I learned a lot from Danenberg that day about planking, so it’s easy to see why he’s been so highly sought after during his career. Although his most recent and popular book, “The Complete Wooden Runabout Restoration Guide” (2008), is out-of-print, used paperback copies now sell for several hundred dollars on Amazon. Fortunately, there’s a kindle version available that you can download instantly for $20.
Speaking of planking, the Barrel Back runabouts are carvel-planked with a batten (a narrow strip of wood) screwed to each boat frame. Then the side planks are screwed to those battens. You can see the screw heads by sighting the round plugs along the finished planking.
The boat’s framing runs athwartships (across the boat), while the battens and planking run lengthwise. The sides are a single thickness of planking, reinforced by the battens at each plank seam. This planking method used by Chris-Craft is often called batten seam construction. The bottom has two thicknesses of planking with mastic-soaked canvas between them. Those original layers during a restoration are typically replaced with a 3M elastic double-plank “no soak” bottom.
The Barrel Back always turns heads and is instantly memorable for its unique profile. The popular 19-footers were built between 1939-42 for a total of 433 hulls.
To achieve that iconic transom, Chris-Craft had only absolutely top-notch craftsmen on that production line. In the late 30s, a lot of the details and instrumentation were still being built by hand, requiring even more highly skilled labor. Chris-Craft also included some special features for the driver and passengers in this model—in addition to that handsome transom—including its one-piece instrument panel. It also sports the folding windshield inspired in the Bugatti style.
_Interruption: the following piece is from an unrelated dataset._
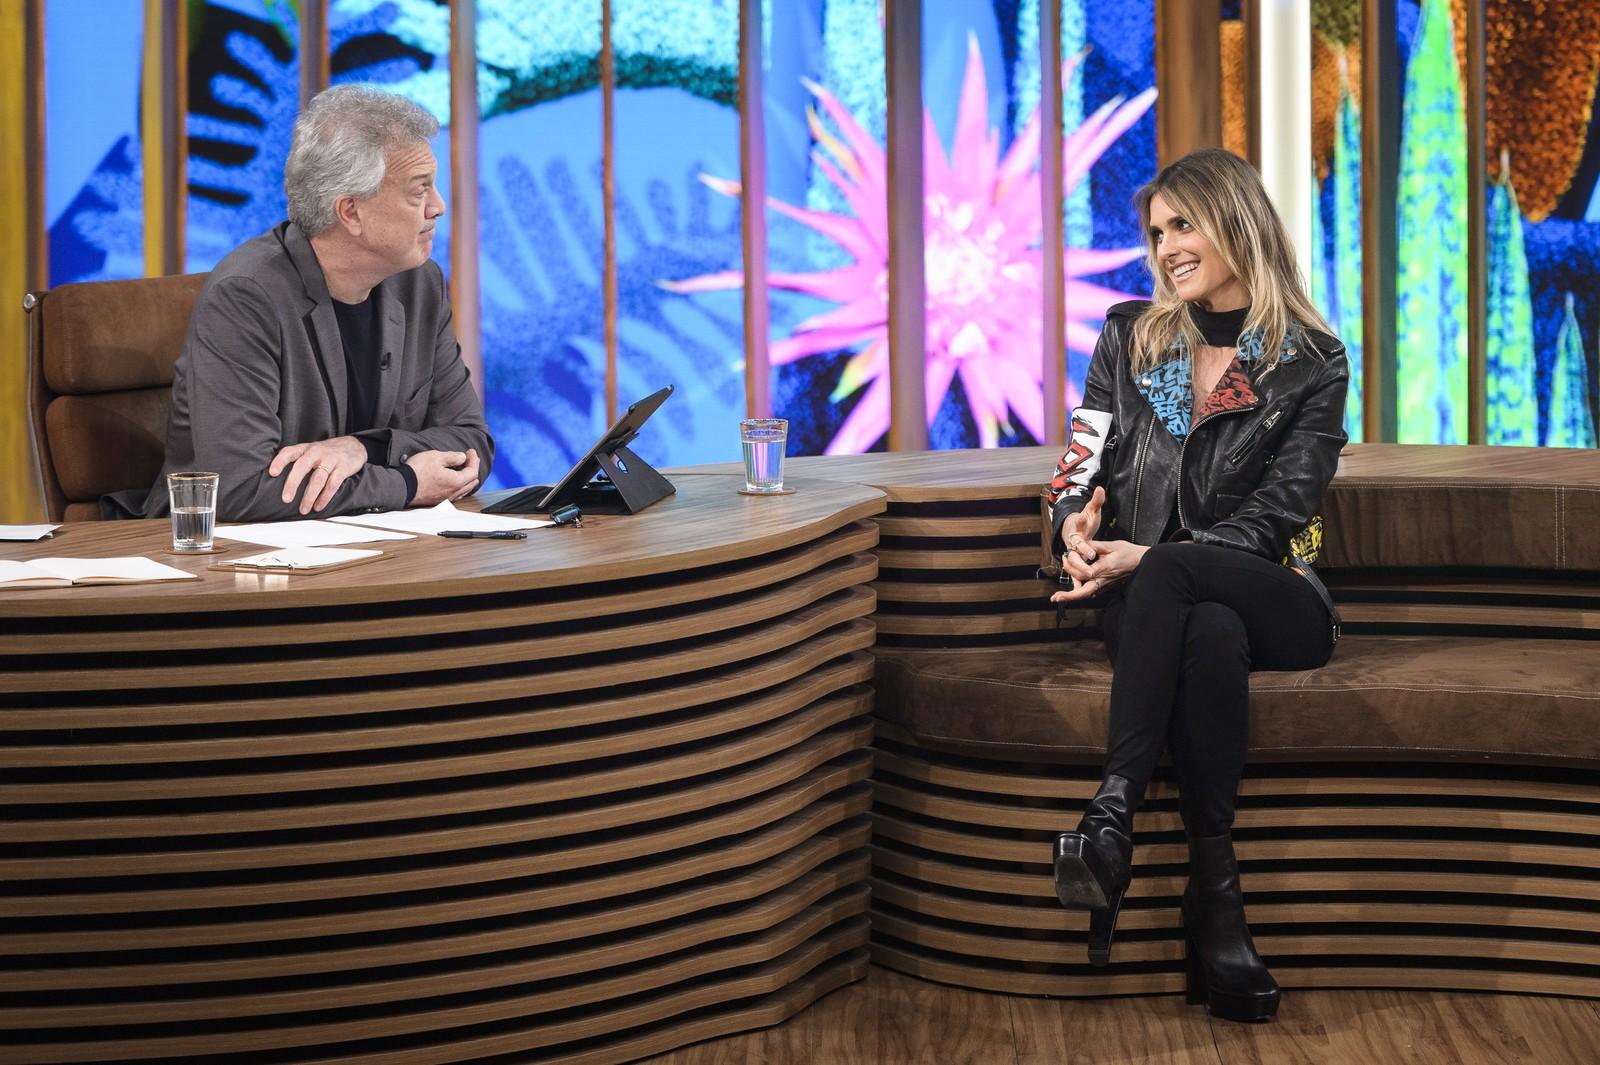 Ouve aí o Celebritycast episódio 13 - Conversa com Bial e muito mais - 1o semestre de 2017 (novo)

If you’re a fan of Riva’s runabouts, you may have noticed some similarities. Carlo Riva was inspired by the Barrel Back roughly 20 years later when he designed and built what became his own iconic runabout: the very popular Aquarama. At the time, Hollywood fell in love with the Riva runabouts, and they appeared frequently in movies. Fast forward to today, when story lines are showcasing Chris-Craft’s Barrel Back, most notably as the boat that Mark Harmon’s character on NCIS has been building in his basement for years.